## HOW TO COMPLETE THIS TASK
Print the whole listing below exactly as given, pictures excluded.

Start of DATA BELOW

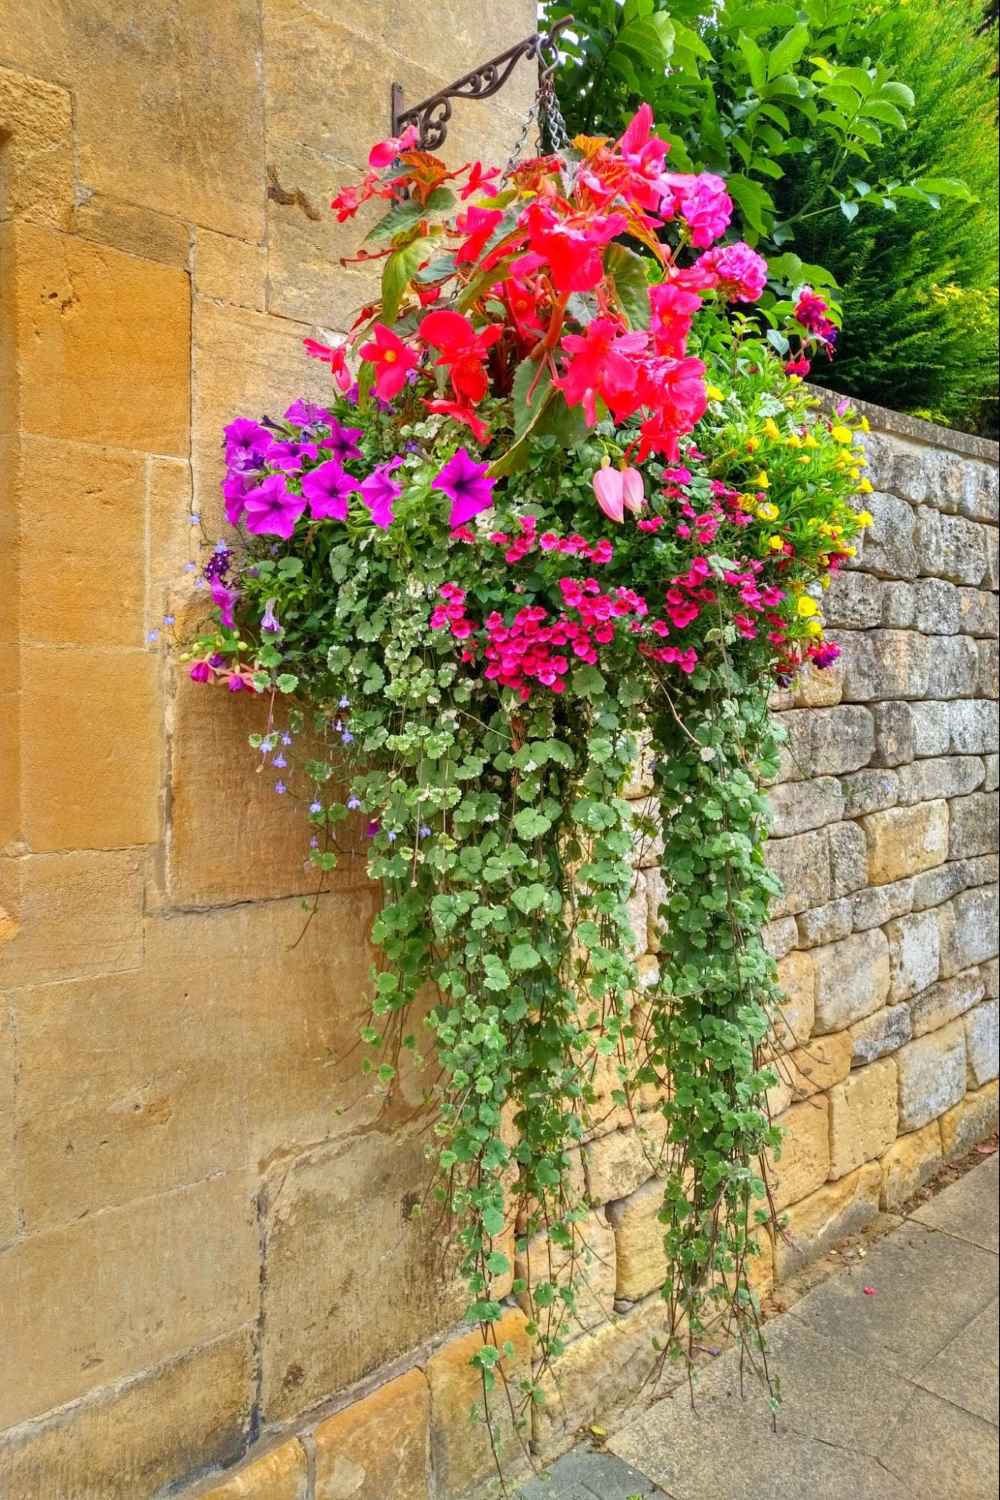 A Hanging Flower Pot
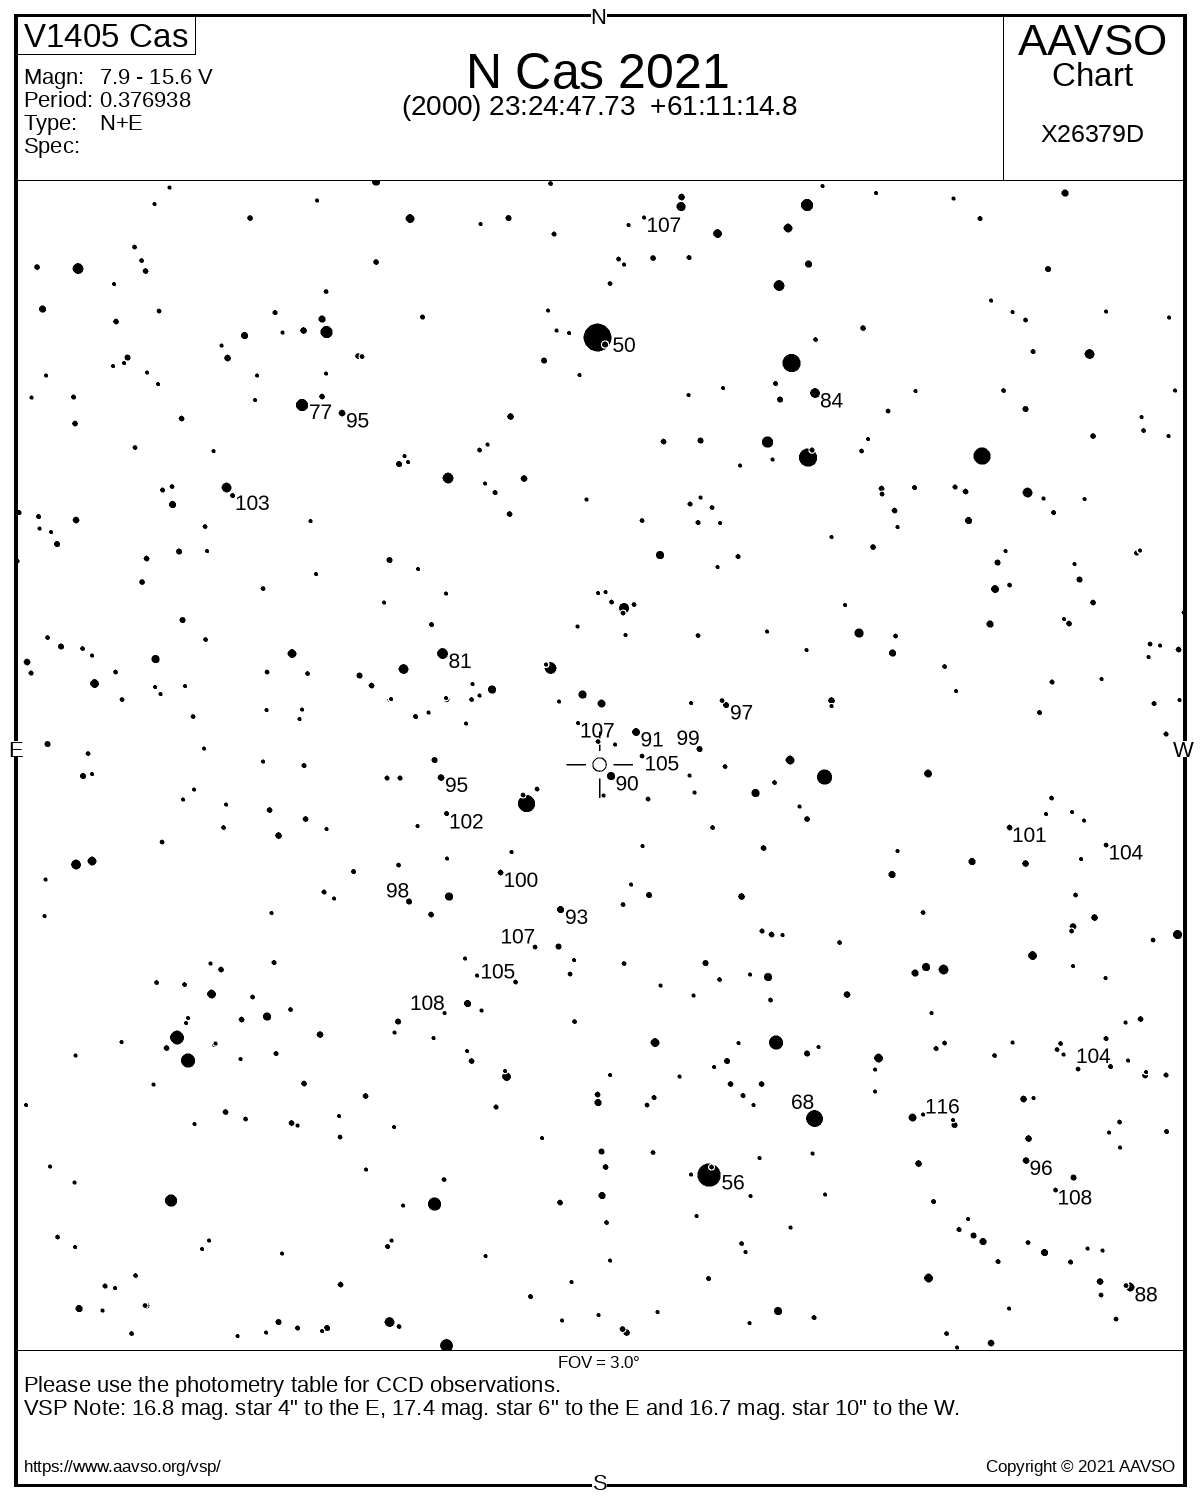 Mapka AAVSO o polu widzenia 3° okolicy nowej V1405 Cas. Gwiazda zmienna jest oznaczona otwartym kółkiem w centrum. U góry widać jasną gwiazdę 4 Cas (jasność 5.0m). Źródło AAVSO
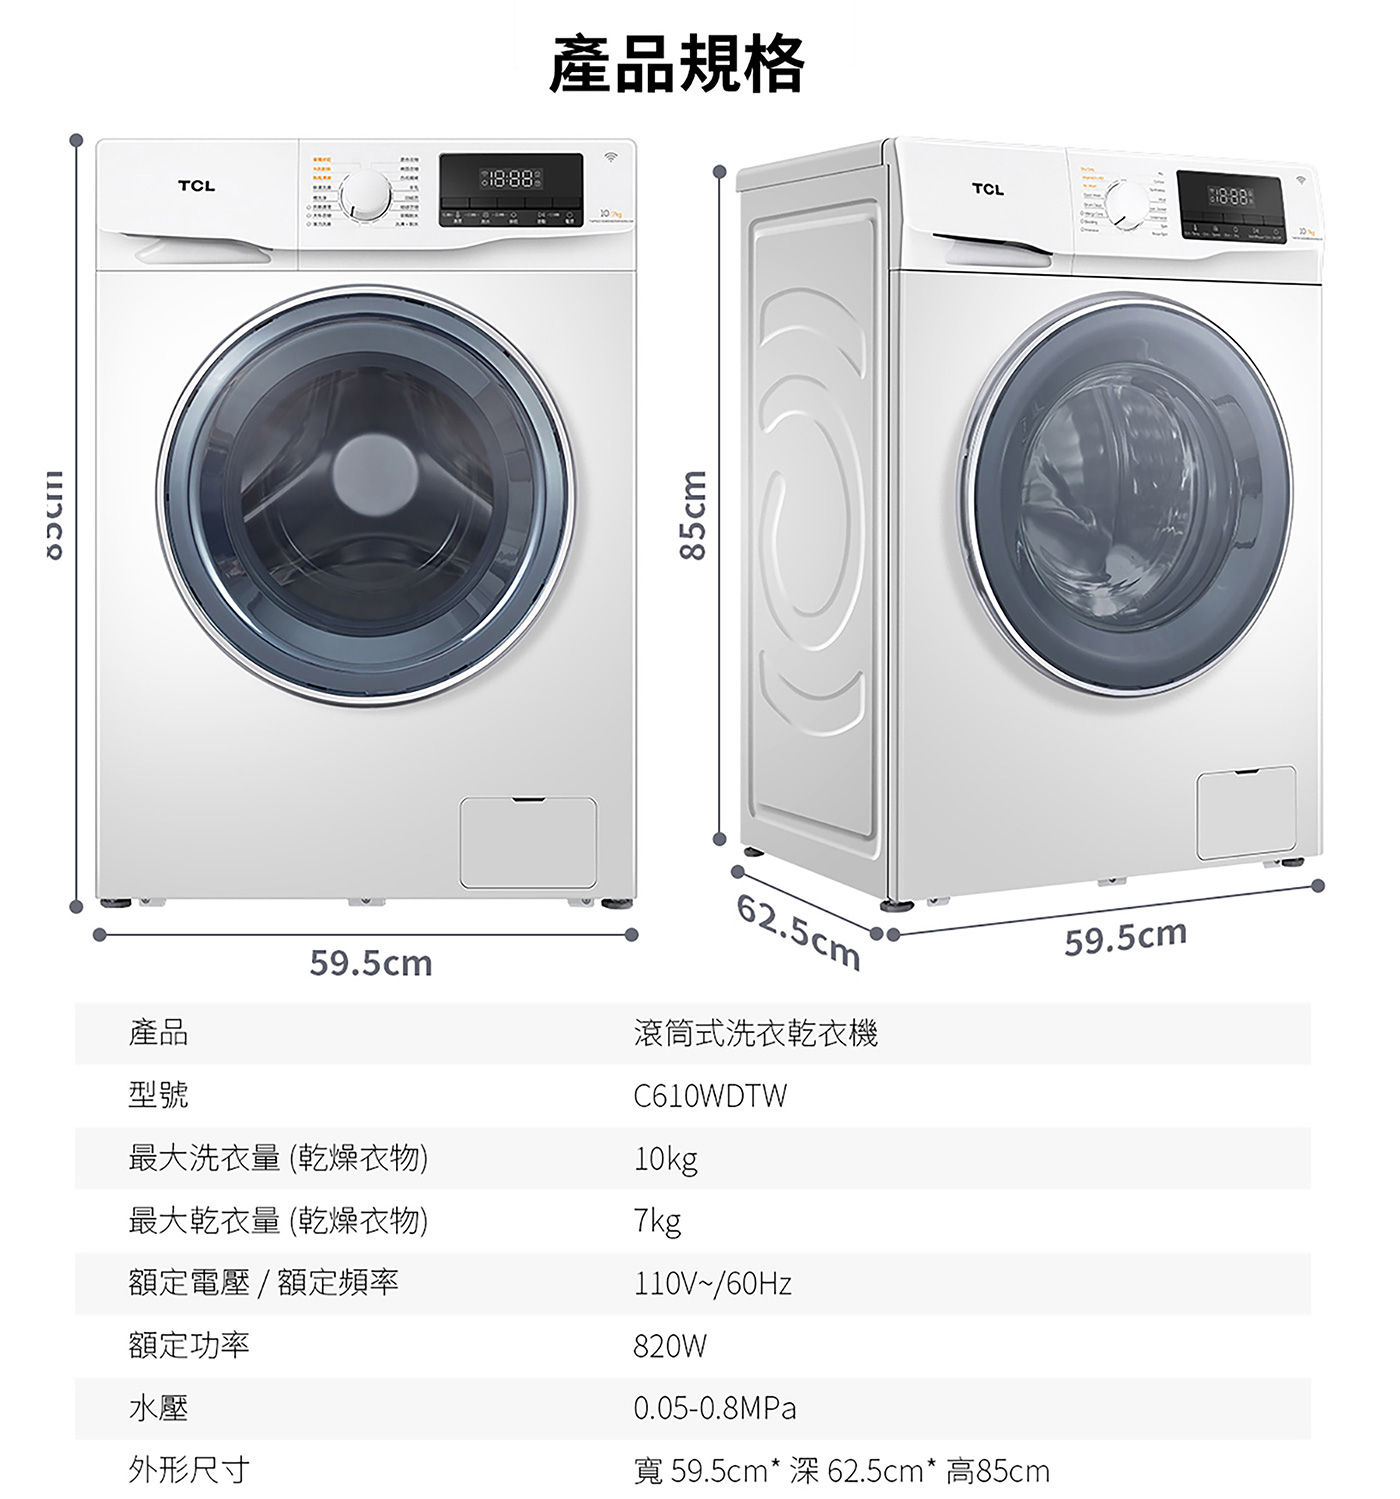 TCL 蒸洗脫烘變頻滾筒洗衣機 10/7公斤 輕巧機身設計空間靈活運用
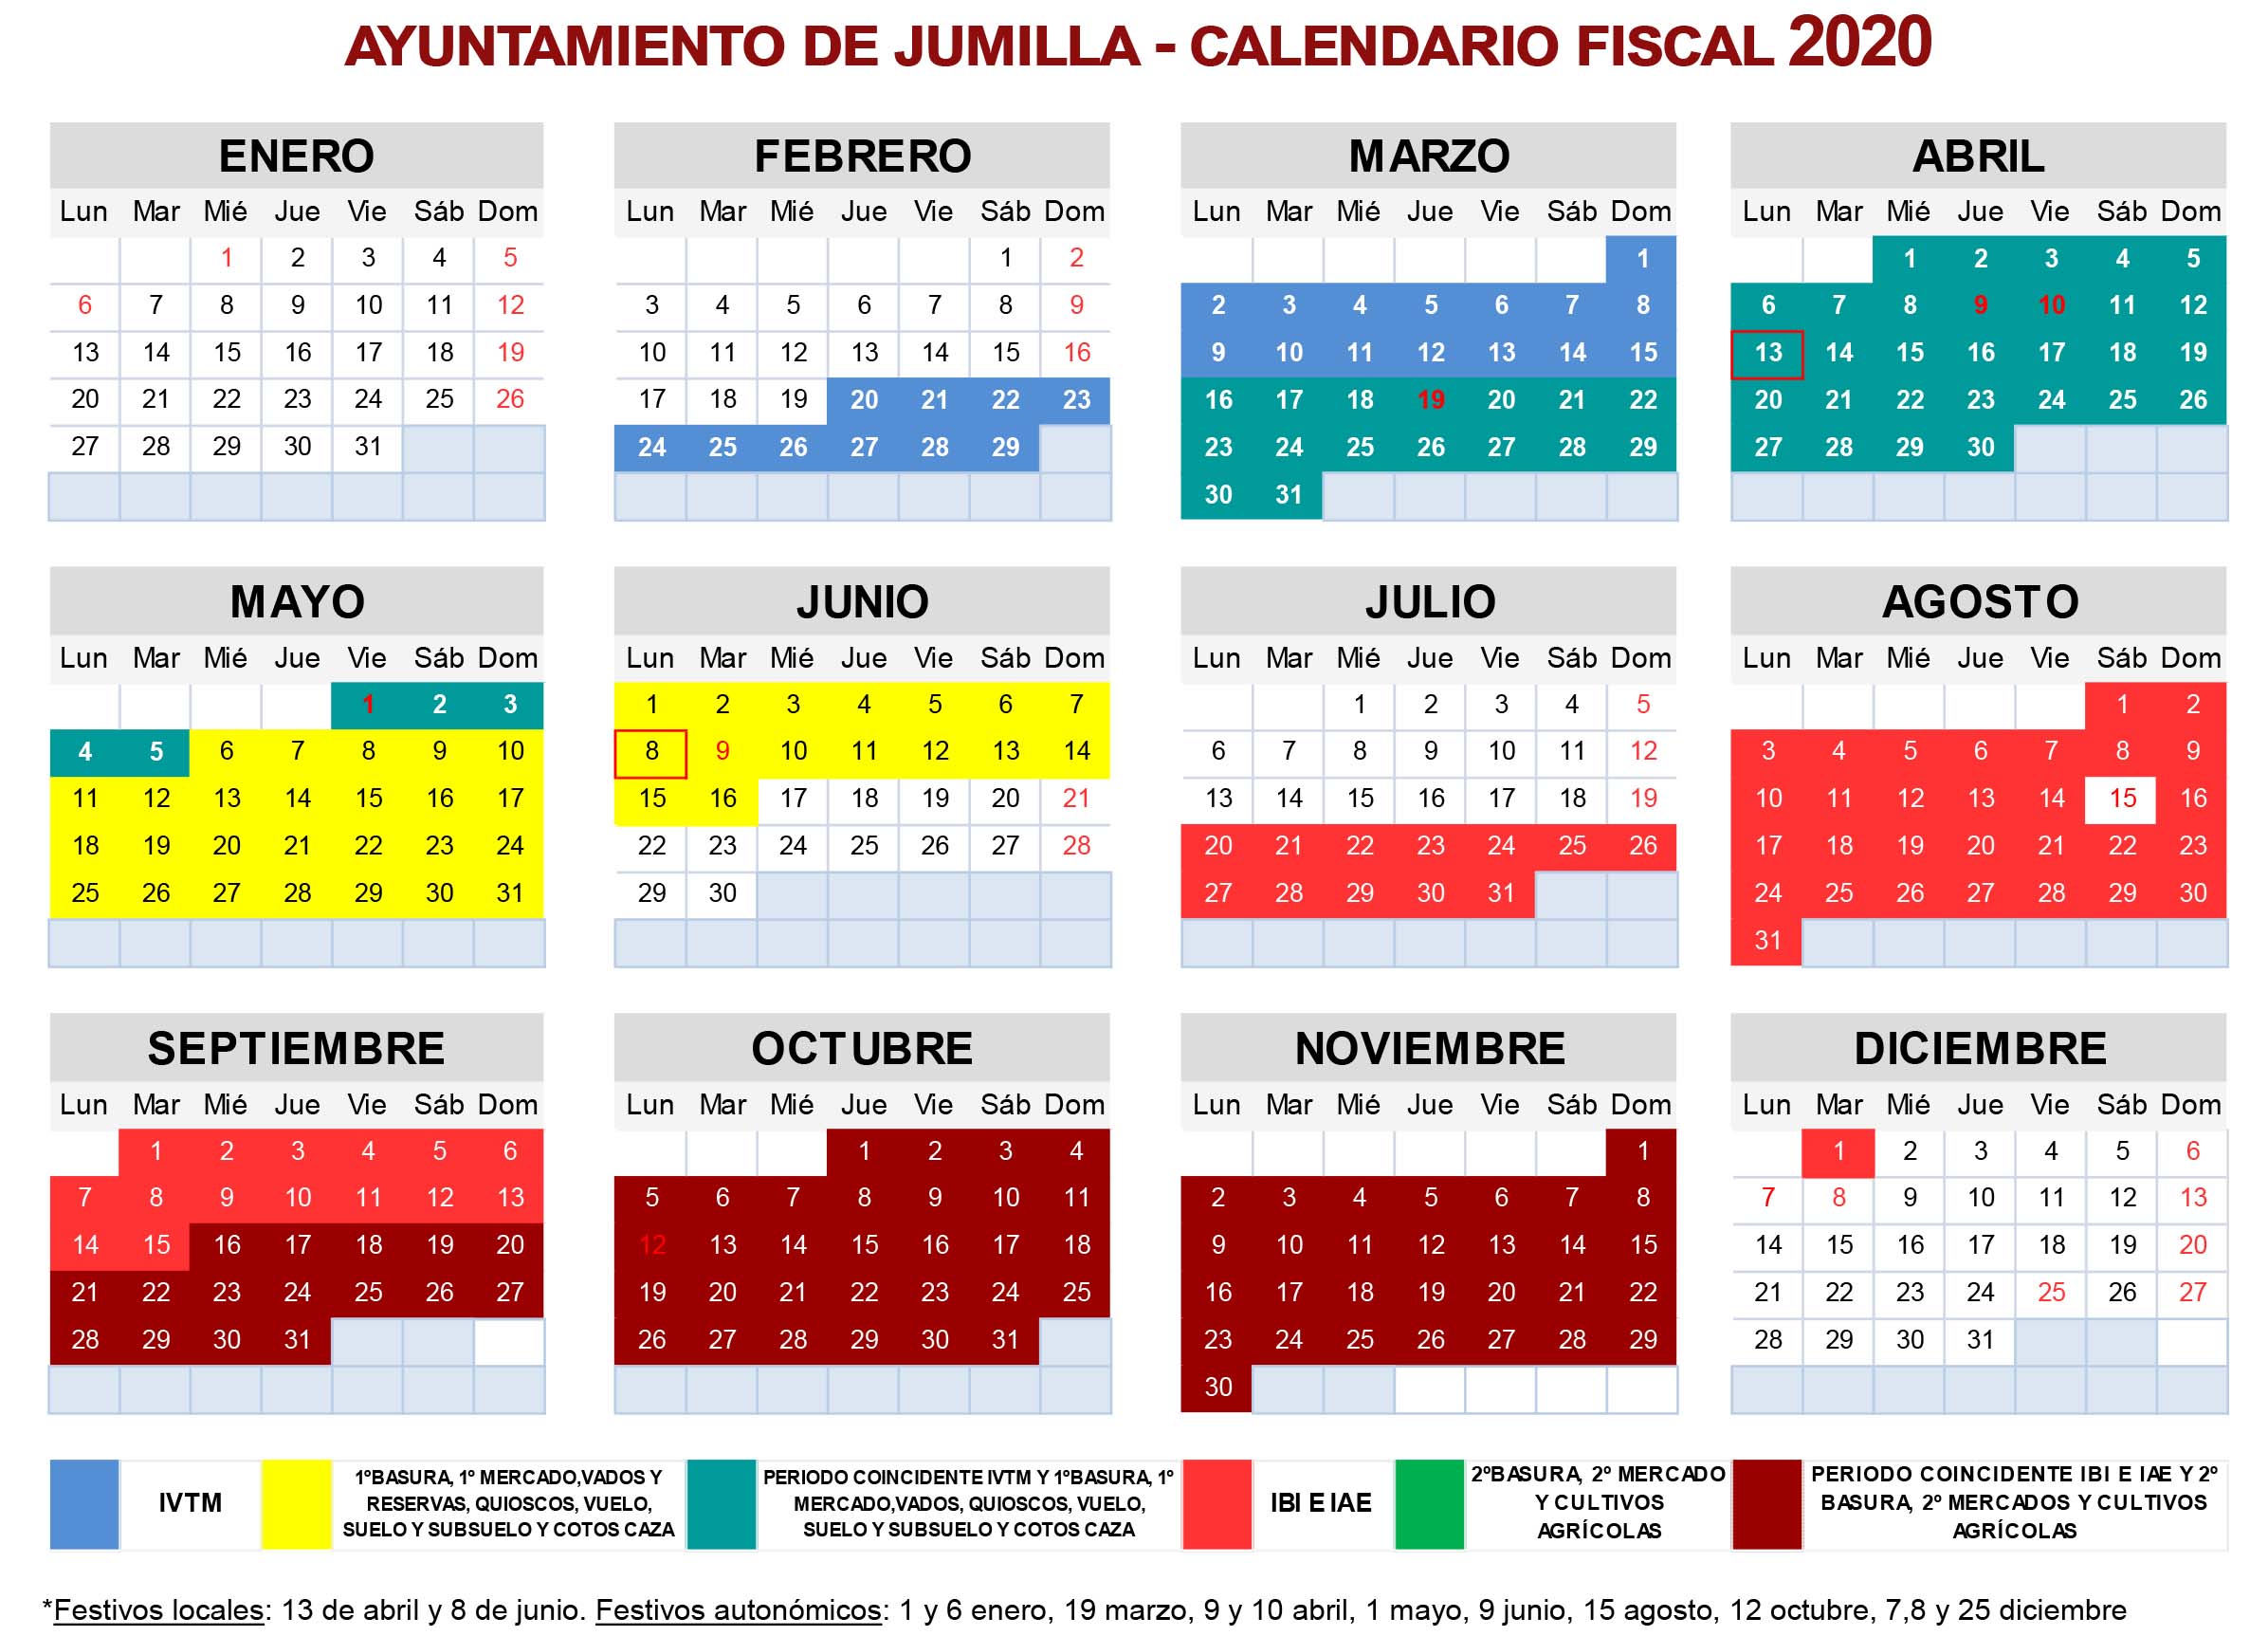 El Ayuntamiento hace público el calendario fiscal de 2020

End of DATA BELOW

## EXERCISE SOLUTION
 A Hanging Flower Pot
 Mapka AAVSO o polu widzenia 3° okolicy nowej V1405 Cas. Gwiazda zmienna jest oznaczona otwartym kółkiem w centrum. U góry widać jasną gwiazdę 4 Cas (jasność 5.0m). Źródło AAVSO
 TCL 蒸洗脫烘變頻滾筒洗衣機 10/7公斤 輕巧機身設計空間靈活運用
 El Ayuntamiento hace público el calendario fiscal de 2020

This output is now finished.